– Раз уж нам Бог позволил рассуждать, мы продолжаем рассуждать. Мы ищем, где же можно найти эти твердые нравственные основания для разумной нравственной деятельности. И находим, что на сегодняшний день, при всех достижениях науки и техники, при сегодняшнем избытке и перепроизводстве, голодных и нуждающихся быть не должно. Уже хватает всего! Уже можно было бы слышать не только стук телег, но рев турбин самолетов, привозящих сухое молоко детям Ганы или ЮАР. Но… ничего не слышно, ничего не летает. Бомбы летают, самолеты с сухим молоком – нет…

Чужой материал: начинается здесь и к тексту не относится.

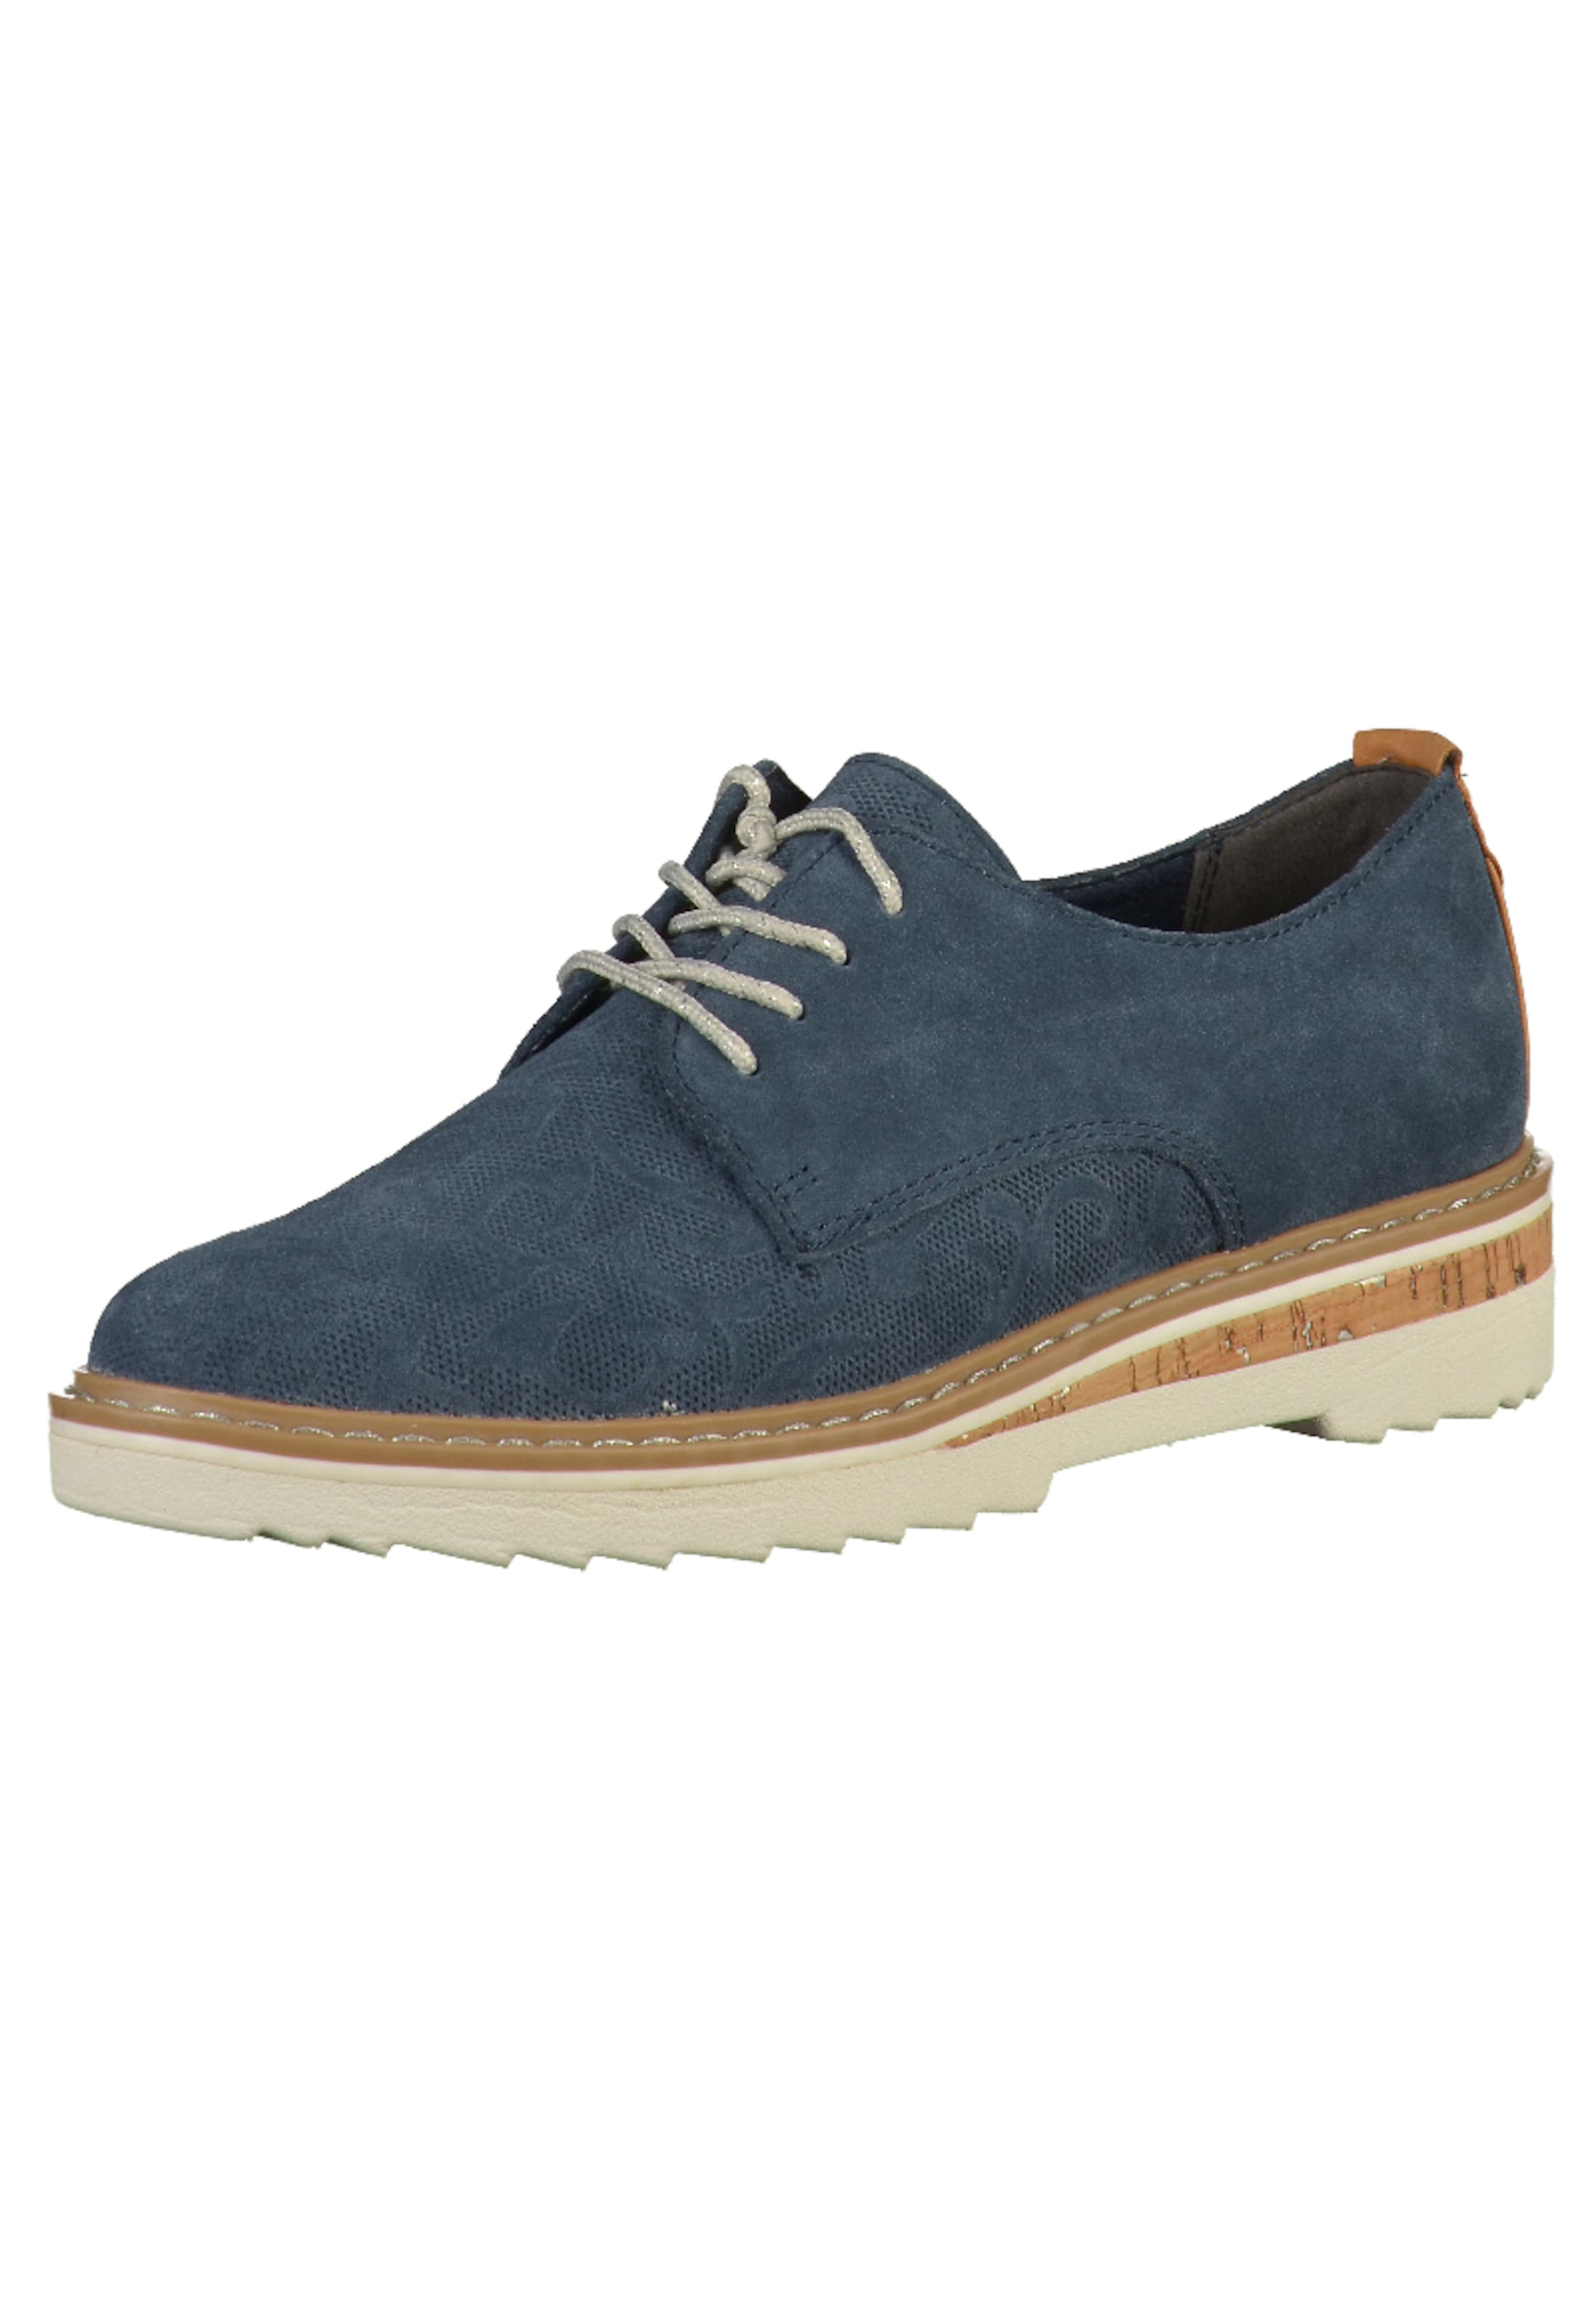 MARCO TOZZI Halbschuhe Verschleißfeste billige Schuhe
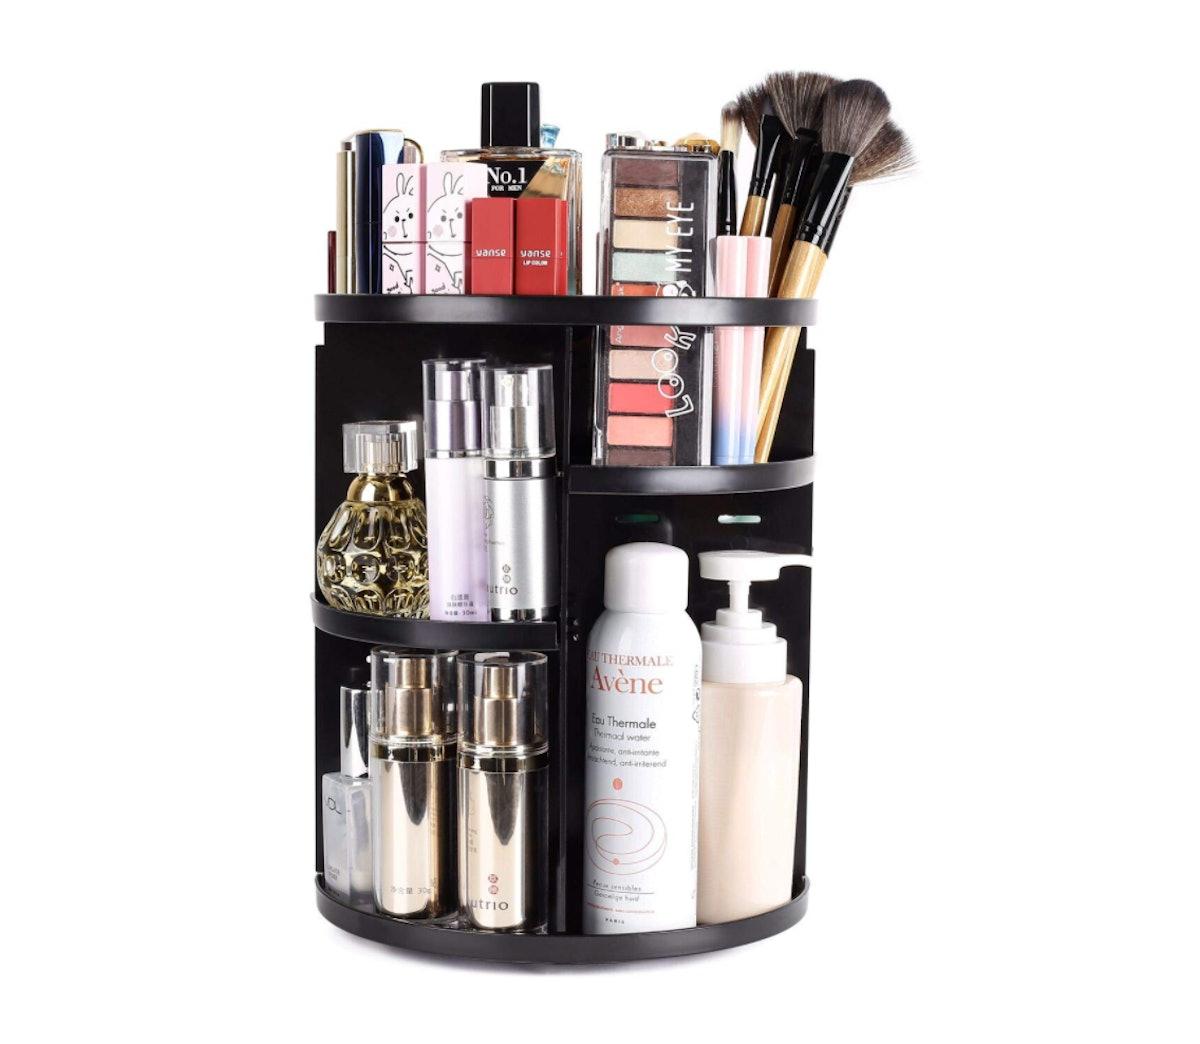 sanipoe Rotating Makeup Organizer

Почему? Очевидно, не хватает твердого нравственного основания, но существуют другие основания – безнравственные – для наличия умирающих от СПИДа, пленников наркоманских сетей, торговцев органами и «живым товаром», для локальных и глобальных военных конфликтов, для существования бедных и сверхбедных стран. Значит, не хватает именно нравственности. А она вытекает из религиозного мировоззрения – тут никуда не денешься, это логическая неизбежность, против которой невозможно спорить.
В том-то и дело, что дар рассуждения очень быстро возвращает нас к истине и здравому смыслу. Только бы мы им действительно воспользовались.
Вера бретонской крестьянки
–
– Бретонские рыбаки – это вообще абсолютно не сомневающиеся люди. «Я верю, как верит Церковь, и больше меня ничего не интересует» – это известная средневековая присказка. В ней очень много правды. Когда простой человек стоит перед лицом неверующего философа, который соблазняет его тоже отказаться от веры, то простой человек, как в материнские объятия, бежит к вере Церкви. «Я не могу с Вами спорить, мне не хватает для этого знаний, но я верю в Господа Иисуса Христа и верю во все, что говорит мне моя Церковь», – говорит он и прибегает к Церкви, под ее сень. И это очень правильная реакция. Это то, за что нельзя ругать Средневековье. Потому что в то время иметь большие познания и быть по-настоящему образованными могли только люди, посвятившие себя монашеству и священству. А остальные работали по 20 часов в сутки.
–
– Мы, конечно, вправе ожидать от него больших знаний, большей воцерковленности, большей способности сопротивляться мысленным нападениям, но, если он имеет доверие к Матери-Церкви и чувствует подвох в словах собеседника, он может смело заканчивать разговор словами: «Я не могу с Вами спорить, мне не хватает знаний, но я верю так, как меня научила верить моя Церковь». Это будет очень правильно. Но это должно быть произнесено смиренно, твердо. Именно при наличии смирения и твердости здесь нет ни сучка ни задоринки. Я думаю, что в большинстве случаев эти слова, правильно, вовремя произнесенные, будут спасительны для человека.
–
– Здесь есть много таких… ложных дилемм. Уже сами слова «слепая вера» содержат ошибку. «Видеть» и «верить» – это антонимы. Апостол Павел пишет о том, что мы верою ходим, а не вйдением[9]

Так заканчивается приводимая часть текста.